Target-date fund strategies rise in popularity – DCIIA survey

Target-date fund strategies in employer-sponsored defined contribution plan accounts reached $2.1 trillion in assets at the end of 2017, up from $1.3 trillion in 2015, according to research from the Defined Contribution Institutional Investment Association released Wednesday.

At year-end 2017, mutual funds accounted for $1.1 trillion, or 51%; collective investment trusts accounted for about $622 billion, or 29%; while custom TDFs represented an estimated $430 billion, or 20%, according to the Custom Target Date Fund Survey.
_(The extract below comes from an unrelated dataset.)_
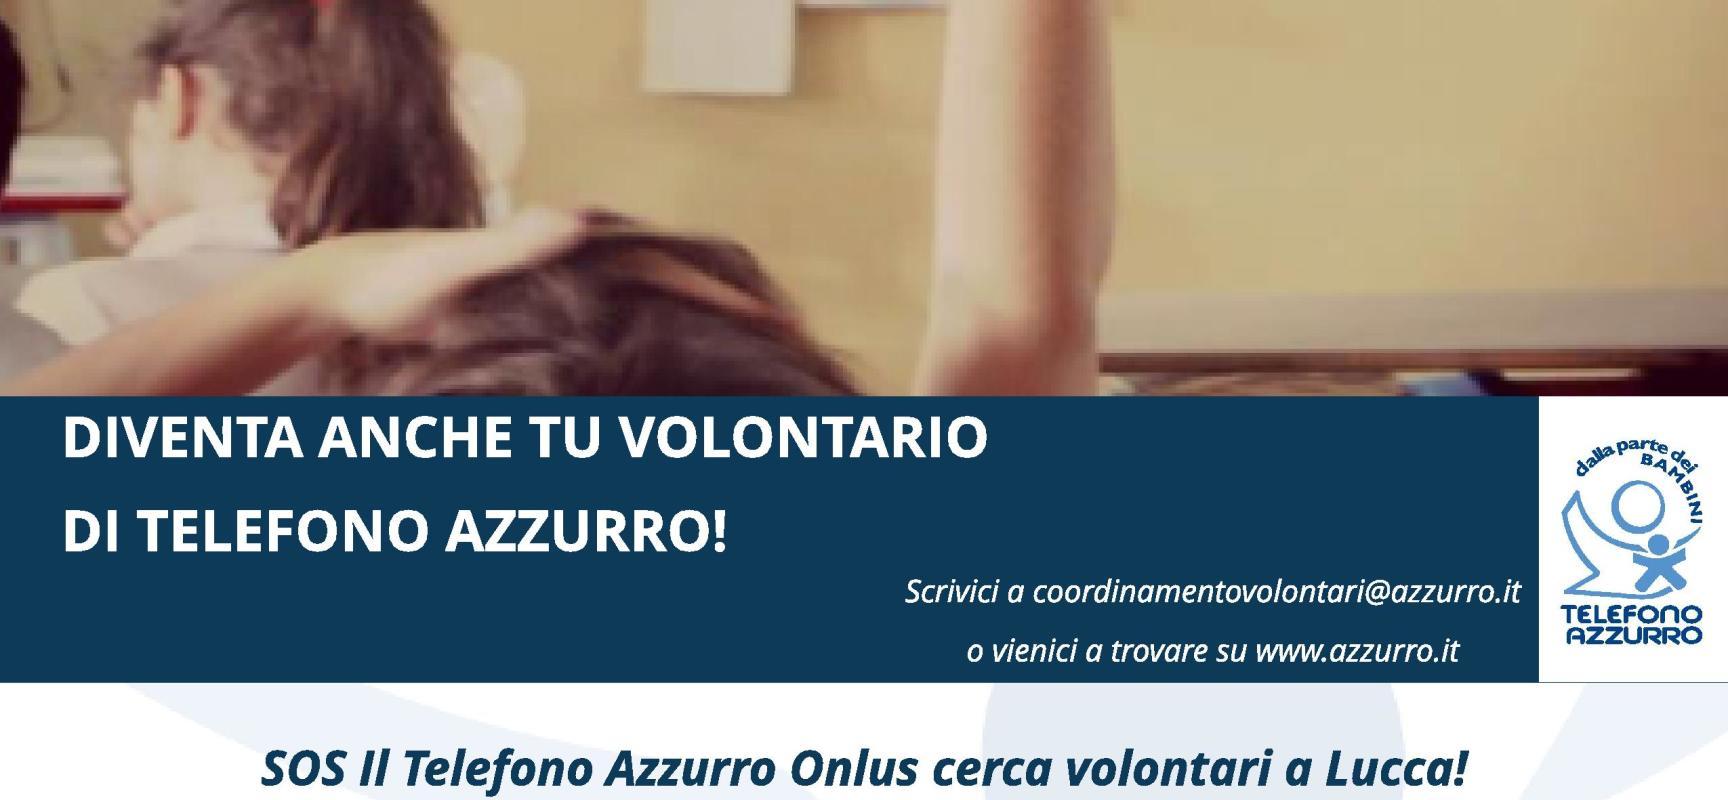 TELEFONO AZZURRO ANCHE A LUCCA

DCIIA credited improved reporting, auto enrollment and a bull market as reasons for the significant increase in TDF allocations.

This was DCIIA's inaugural custom TDF survey and was started in late 2017. Asset allocation service providers for custom TDFs, which submitted non-attributable plan statistics and asset allocation detail for custom TDF clients, participated in the survey. From there, a sample was created for asset allocation statistics, which reflects 65 plans and 673 unique funds. The custom TDF assets represented in the sample exceed $340 billion, while plan assets exceed $990 billion.

A majority of the average custom TDF exposure is allocated to equities and fixed income, the survey found. The average allocation to equities for target year 2060 funds was 85%, while the average allocation to fixed income was 7% for 2060 funds.

"Publicly available information on institutional strategies in the defined contribution market, specifically (custom) TDFs, has been limited," DCIIA President and CEO Lew Minsky said in a news release. "With roughly half of the $2 trillion of target-date assets residing in institutional vehicles, DCIIA is uniquely positioned to gather the necessary data and provide information about these default investment options."

When the Pension Protection Act of 2006 was passed, it provided a mechanism for employers to default American workers into long-term savings plans and has given target-date strategies a major growth opportunity, DCIIA noted. Now, 85% of institutional defined contribution plans use target-date strategies as the default investment, according to the survey.